Filters: Doing It Your Way
One of the basic philosophies of Linux (as with all flavours of Unix) is that each program does one particular task, and does it well. Often you combine several programs to achieve something, either at the shell prompt or in a script, by piping the output of one program into the next. I'm talking about things like
ls -l | more
and
ps -auxw | \ grep netscape >> people.who.should.be.working
But what if the output of one program isn't in the format needed for the next? We need some way of processing the output of one program so that it is ready for the next.

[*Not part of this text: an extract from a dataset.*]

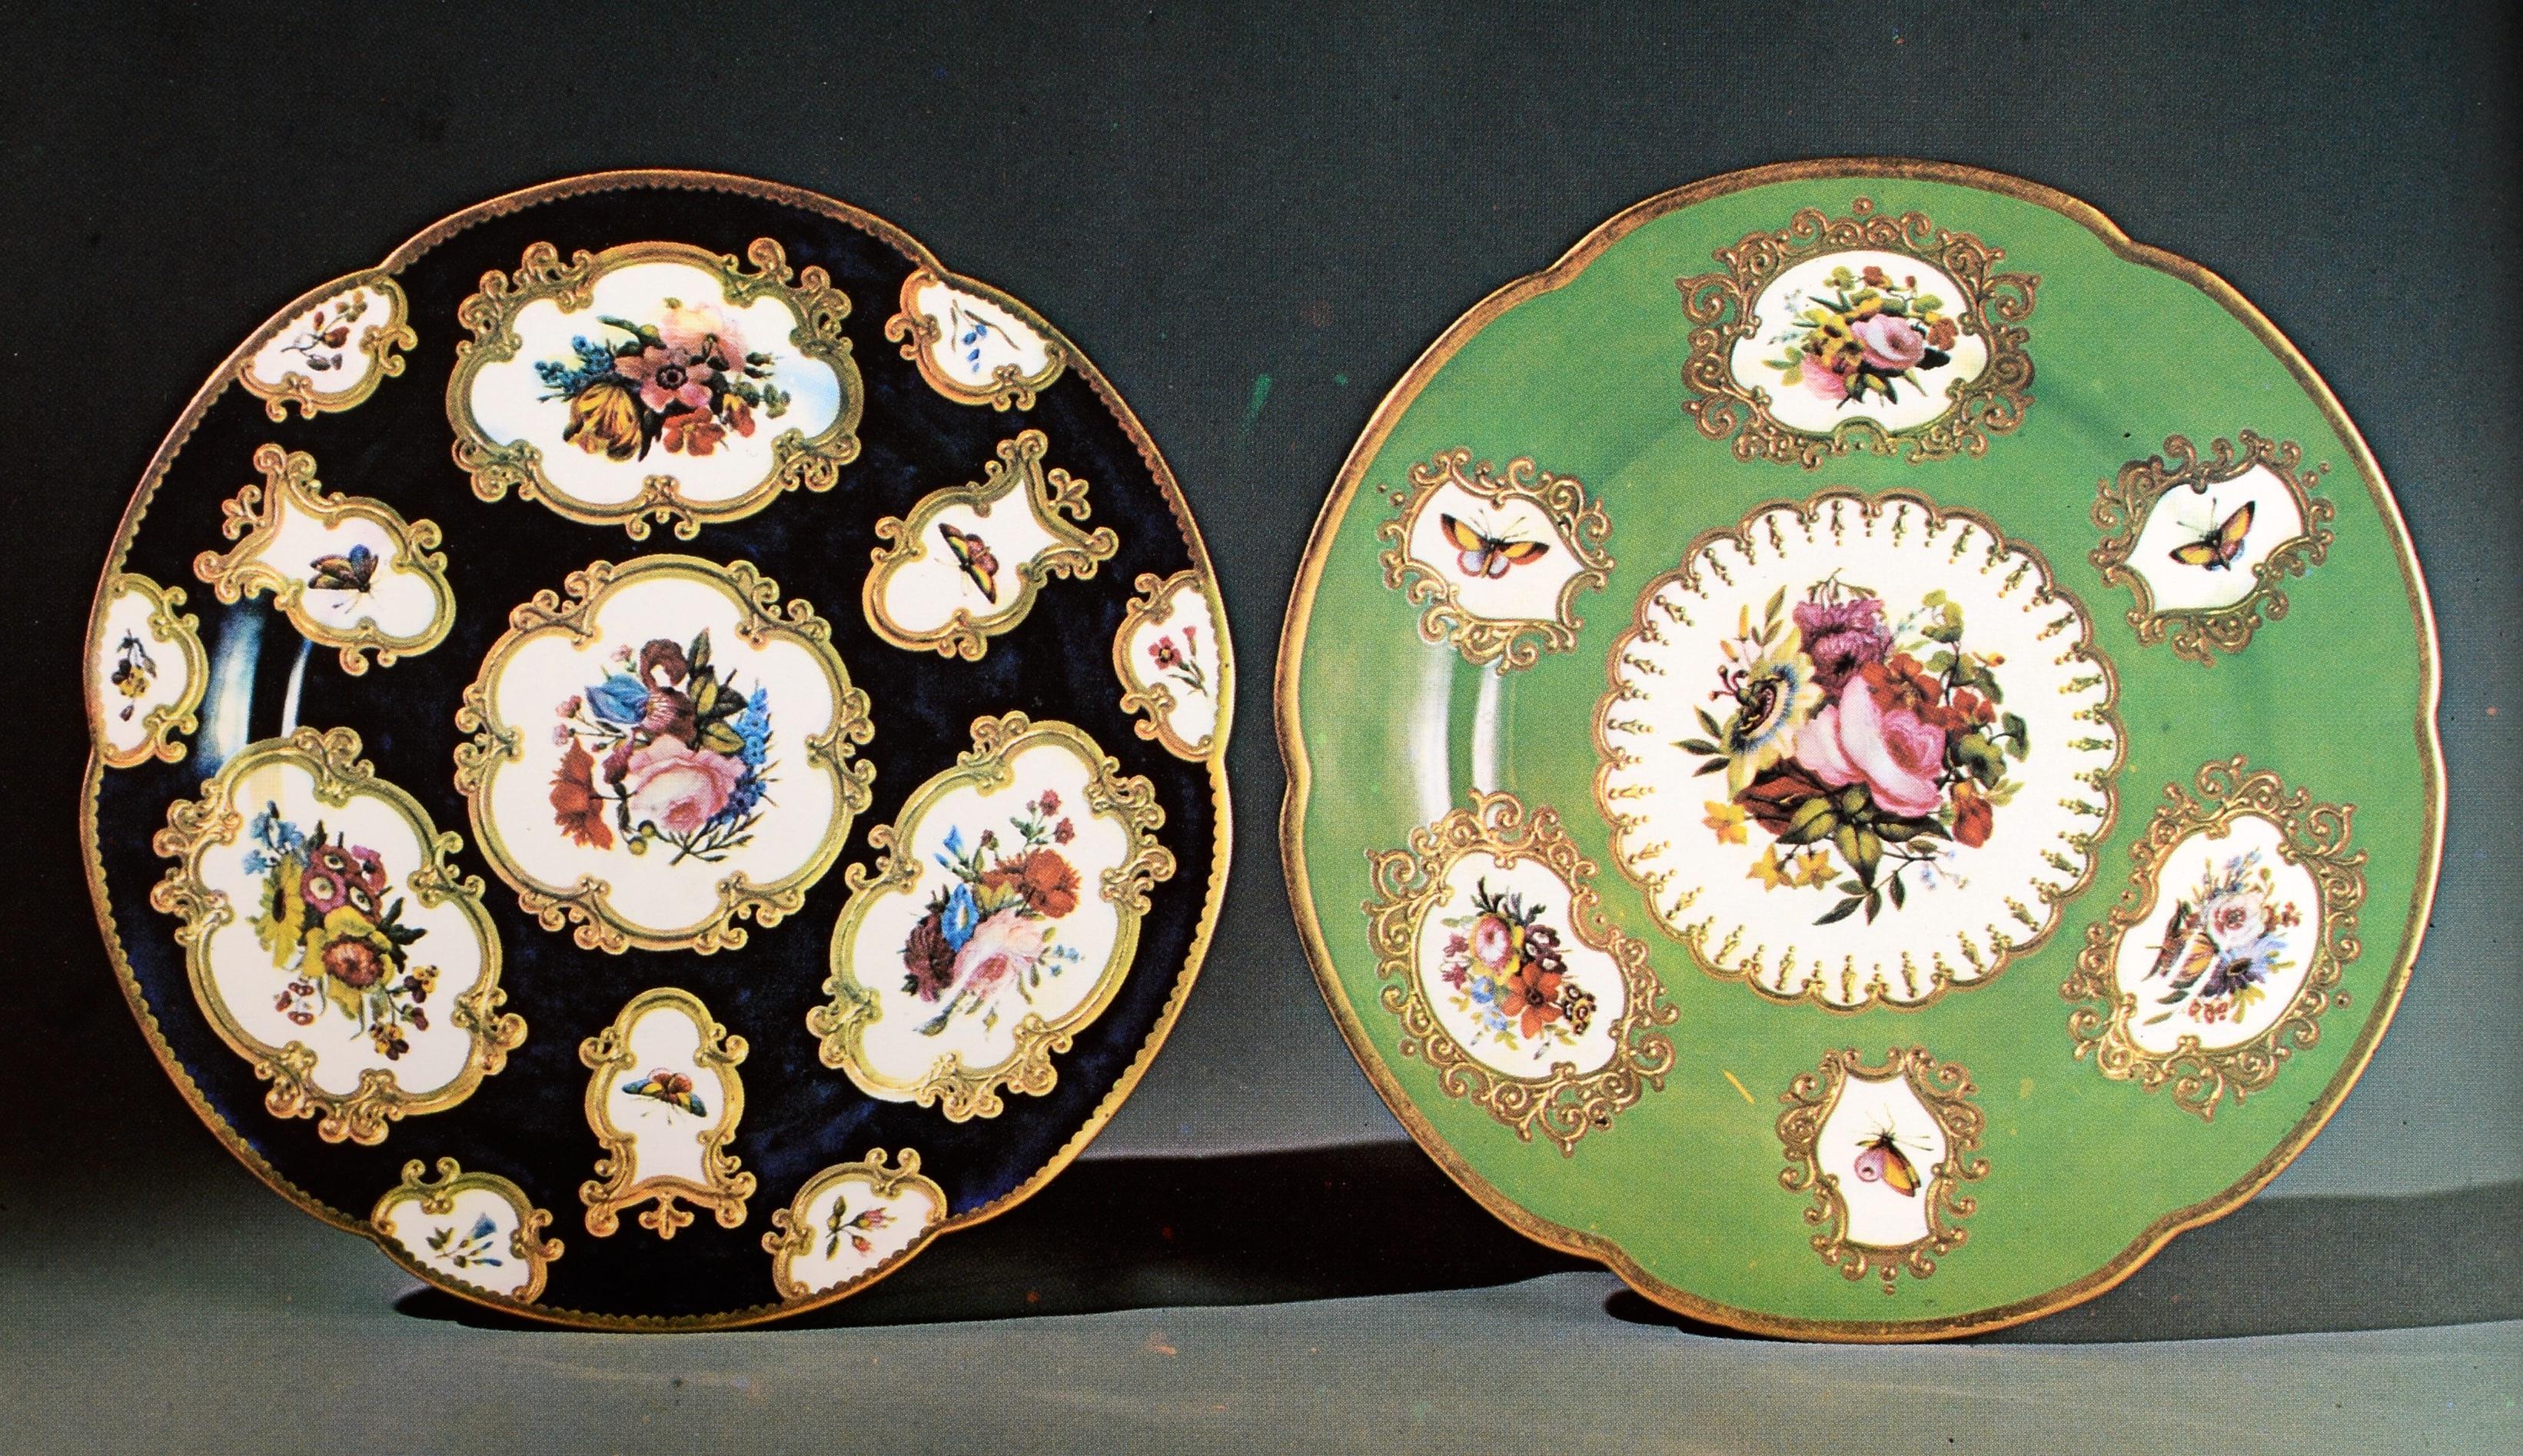 Flight and Barr Worcester Porcelain 1783-1840 by Henry Sandon For Sale 8

Fortunately, there are many Linux programs that do this job: read some input, perform some operations on it, and write the altered data as the output. These programs are called filters. Some filters do quite limited tasks, such as head, grep and sort, whereas others are more flexible, such as sed and awk. In this article, we're going to look at several of these more flexible filters, and give several examples of what can be done with them.
The name “sed” is a contraction of stream editor; sed applies editing commands to a stream of data. A common use for sed is to replace one text pattern with another, as in
sed 's/Fred/Barney/g' foo
This command takes the file foo, changes every occurrence of Fred to Barney, and writes the modified version to standard output.
Note that in this example we have placed the actual sed commands inside single quotes. Sed doesn't require that commands be quoted this way, but you will need to use quotes if the sed command includes characters that are special to the shell, such as $ or *. This example doesn't have any special characters, so we could just as easily have left out the quotes. Try it and see.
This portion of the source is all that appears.